Cape Town - A guide through each of the teams following the 2018 Soccer World Cup draw held in Russia.
A young and vibrant side packed with flair promises to be eye-catching. Recently, France twice took the lead away to World Cup winner Germany and caused the home defense all sorts of problems with the movement and speed of its devastating counter-attacks.
But France is also prone to lapses in concentration, and this needs to be ironed out if France wishes to win the trophy for the second time.
Les Bleus lost the 2006 World Cup final to Italy in a penalty shootout; lost to Germany in the quarterfinals of the 2014 World Cup, and could not handle the pressure of being the favorite in the Euro 2016 final at home to Portugal.
It's time for France to add silverware to the growing hype.
Key player: Raphael Varane (Real Madrid) — The three-time Champions League-winning center back has the difficult task of marshalling a vulnerable defense.
Coach: Didier Deschamps — Turned France into a highly competitive team but has yet to deliver a trophy. Reaching the World Cup semifinals is the minimum target for the 49-year-old Deschamps, a former midfielder who captained France to victory at the 1998 World Cup and Euro 2000.
Qualified for a fourth consecutive World Cup, but had to take the long route to Russia after failing to secure direct entry in Asia because of a slightly inferior goal difference to Saudi Arabia.
The Australians played 22 games in qualifying, including an Asian playoff against Syria and culminating with a playoff win over Honduras. That made them the next-to-last team to clinch a spot at the 2108 edition.
The nucleus of the young squad that went to Brazil four years ago has remained, helping the country win its first Asian Cup title in 2015 and develop an attacking style it touts as the Australian way.
Ange Postecoglou quit as coach a week after Australia secured its place in Russia, and is yet to be replaced.
Key player: Mile Jedinak (Aston Villa) — With much of the attention on 37-year-old Tim Cahill, Jedinak's returned from injury to stabilize the midfield and score a hat-trick against Honduras.
Coach: To be appointed.
Chile, Ecuador and even Paraguay were considered favorites for South America's fifth spot in the World Cup. In the end, it went to a Peruvian side that conceded only seven goals in eight matches in 2017.

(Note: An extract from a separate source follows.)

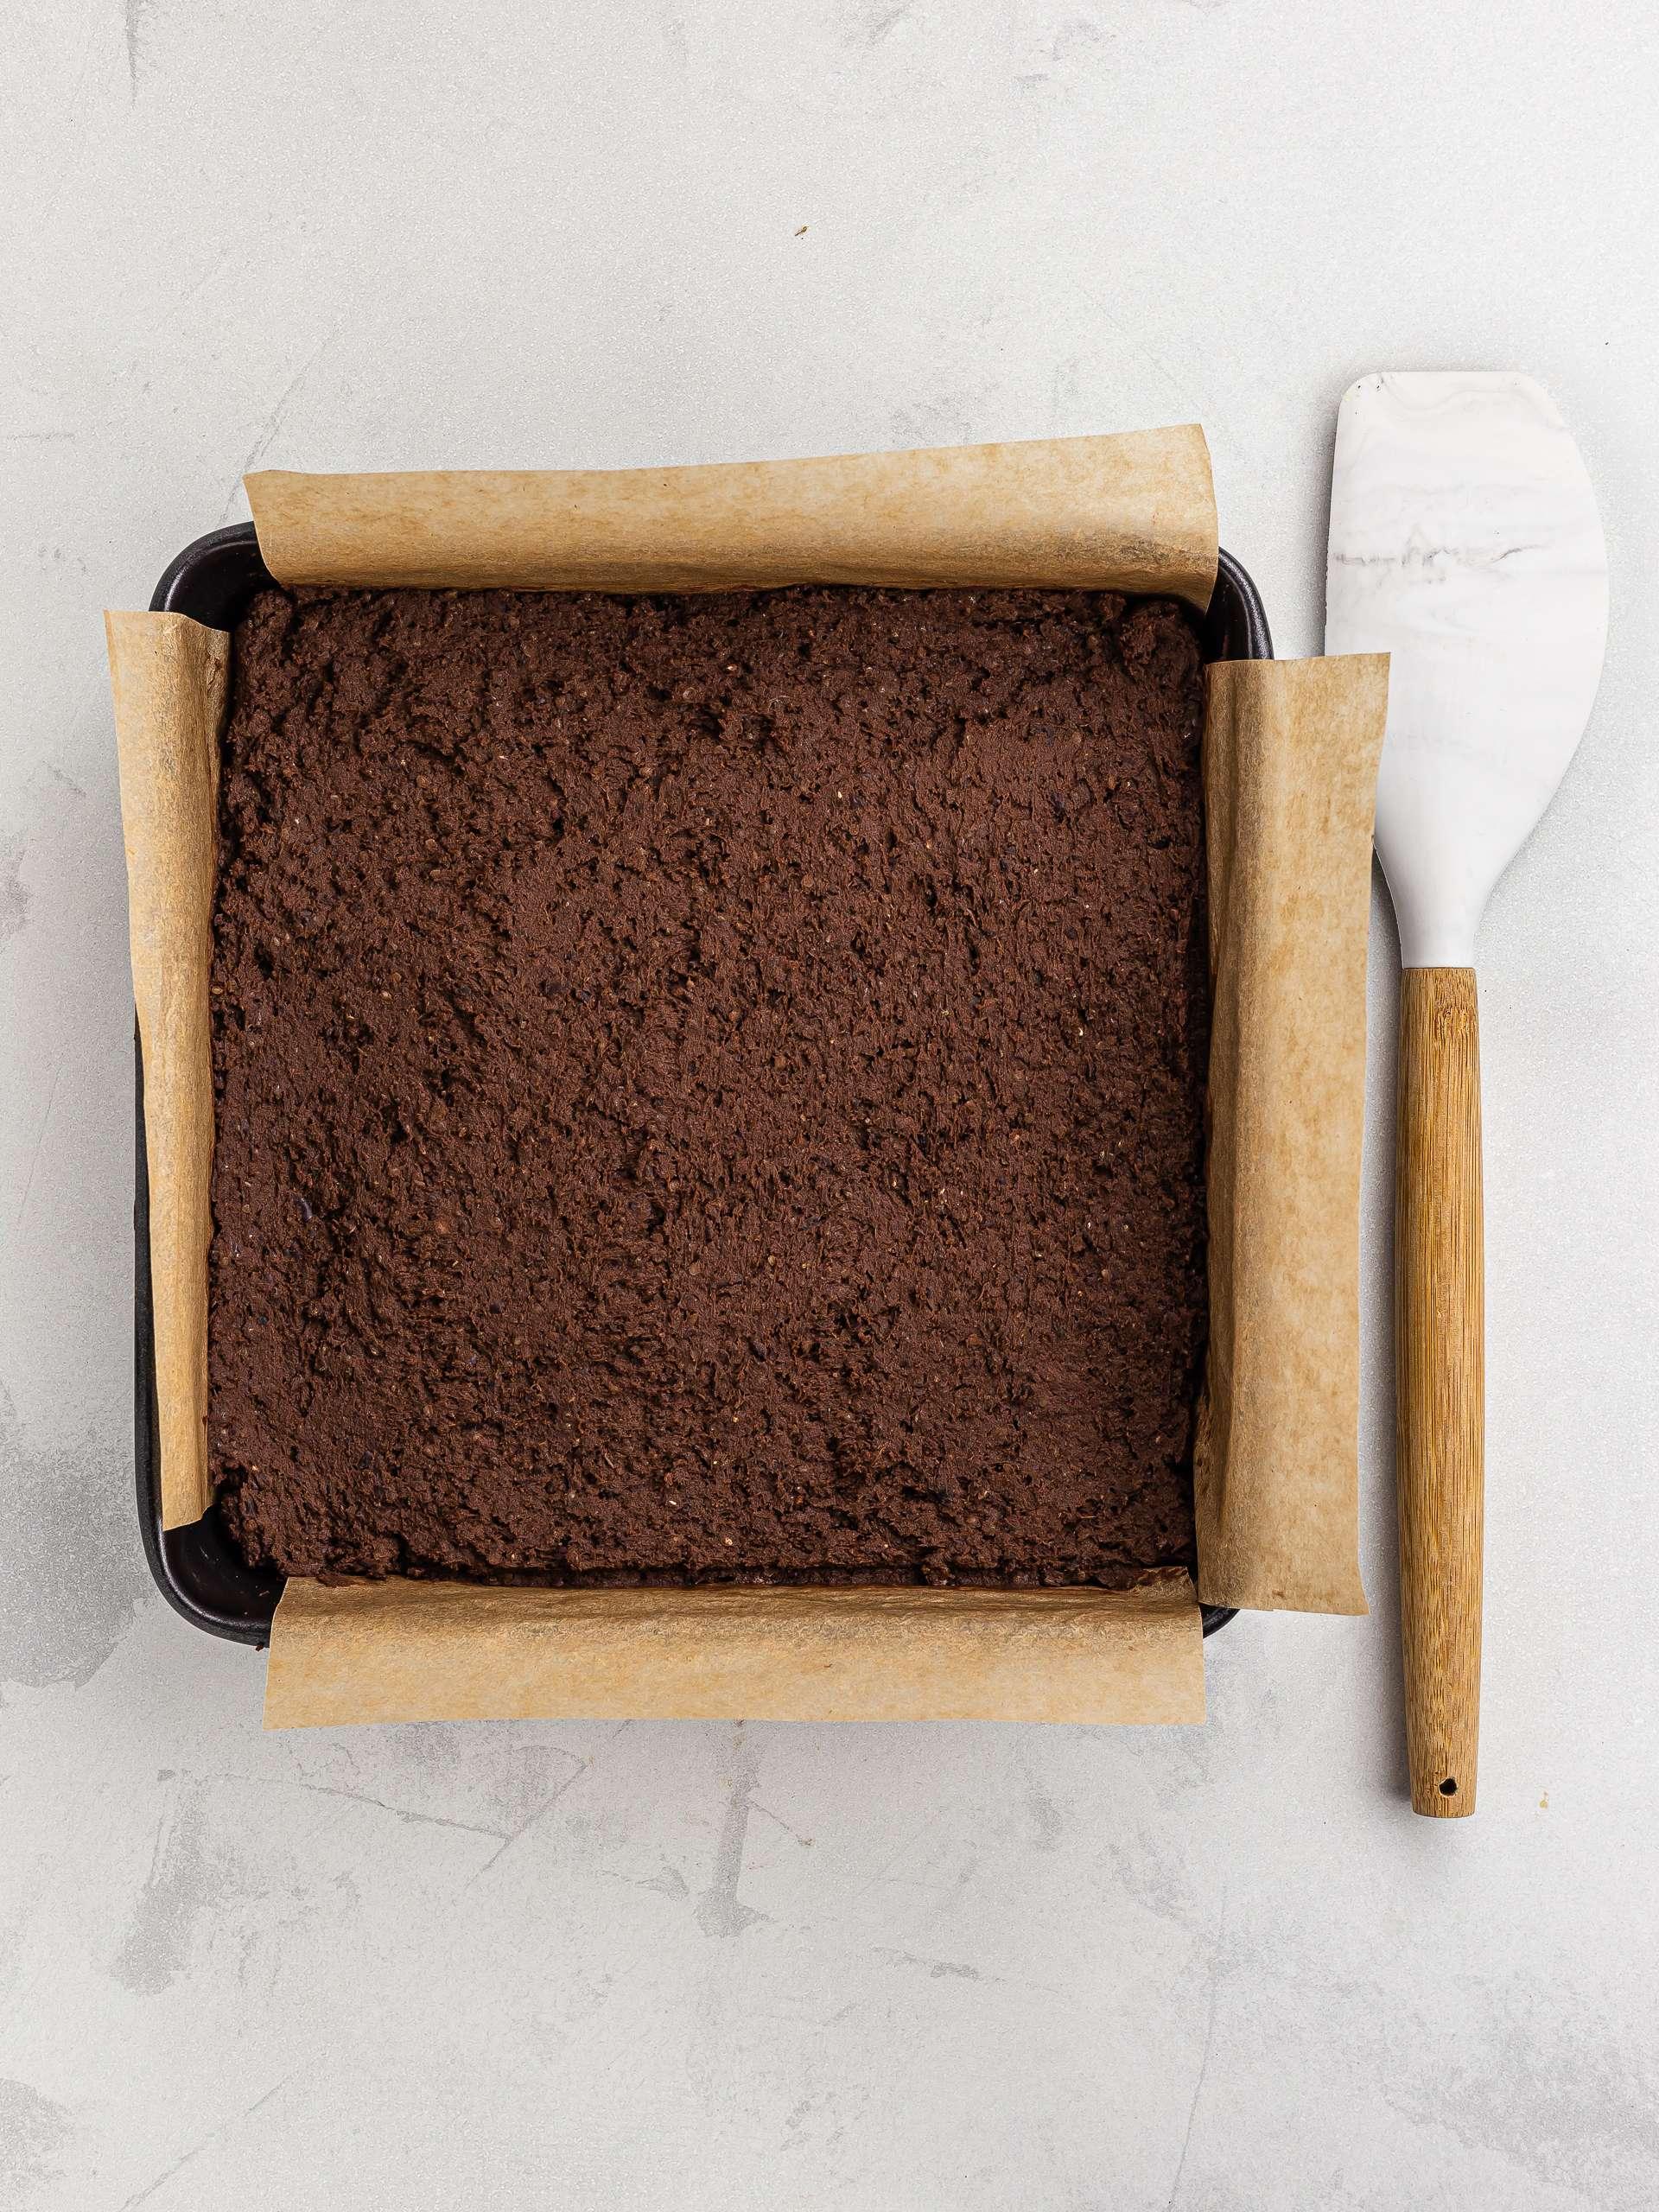 hemp seed brownie dough in a baking tin
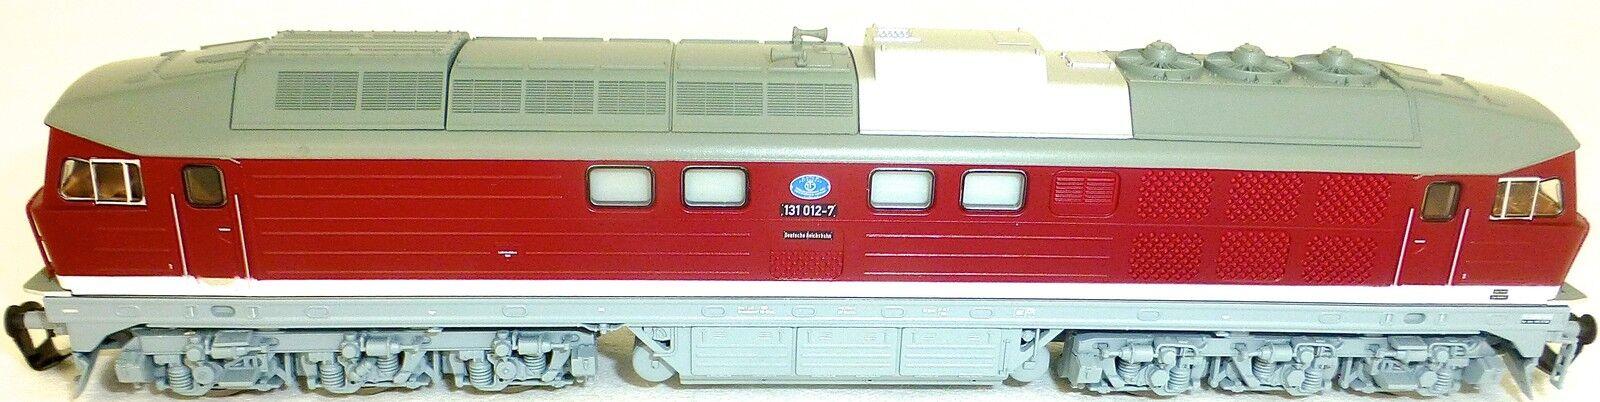 Piko 47321 2V 131 012 7 Locomotora Diésel Dr Epiv Dss PluX16 Tt 1 120 Nuevo Ovp

Much of the team's base players are now in Mexican clubs; goalkeeper Pedro Gallese, defender Luis Advincula, midfielder Pedro Aquino and strikers Raul Ruidiaz and Andy Polo.
Key player: Paolo Guerrero (Flamengo) — The 33-year-old captain scored six goals in qualifying, but is now a doubt for Russia while appealing against a FIFA doping ban.
Coach: Ricardo Gareca — The 59-year-old Argentine scored in 1985 a goal that eliminated Peru in South American qualifiers. Since 2015 he has led a much better organized and well-paced Peruvian team to first World Cup participation since 1982.
One of the fastest-improving teams in Europe, and a country most will want to avoid coming out of the third-seeded pot.
Denmark hasn't played a major tournament since the 2012 European Championship but is unbeaten in 11 games since back-to-back losses in qualifying against Poland and Montenegro in October 2016.
Two results stand out: A 4-0 win at home to top-seeded Poland in September and the 5-1 victory at Ireland in the playoffs second leg.
In both games, playmaker Christian Eriksen was a standout creating and scoring goals. His form can decide Denmark's fortunes in Russia.
Key player: Eriksen (Tottenham) — Just 18 on his World Cup debut in 2010, Eriksen is in prime form this time round, scoring 11 goals in eight different games during Denmark's unbeaten streak.
Coach: Age Hareide — The 64-year-old Norwegian has spent his entire career in Scandinavia, including a five-year spell leading his home country.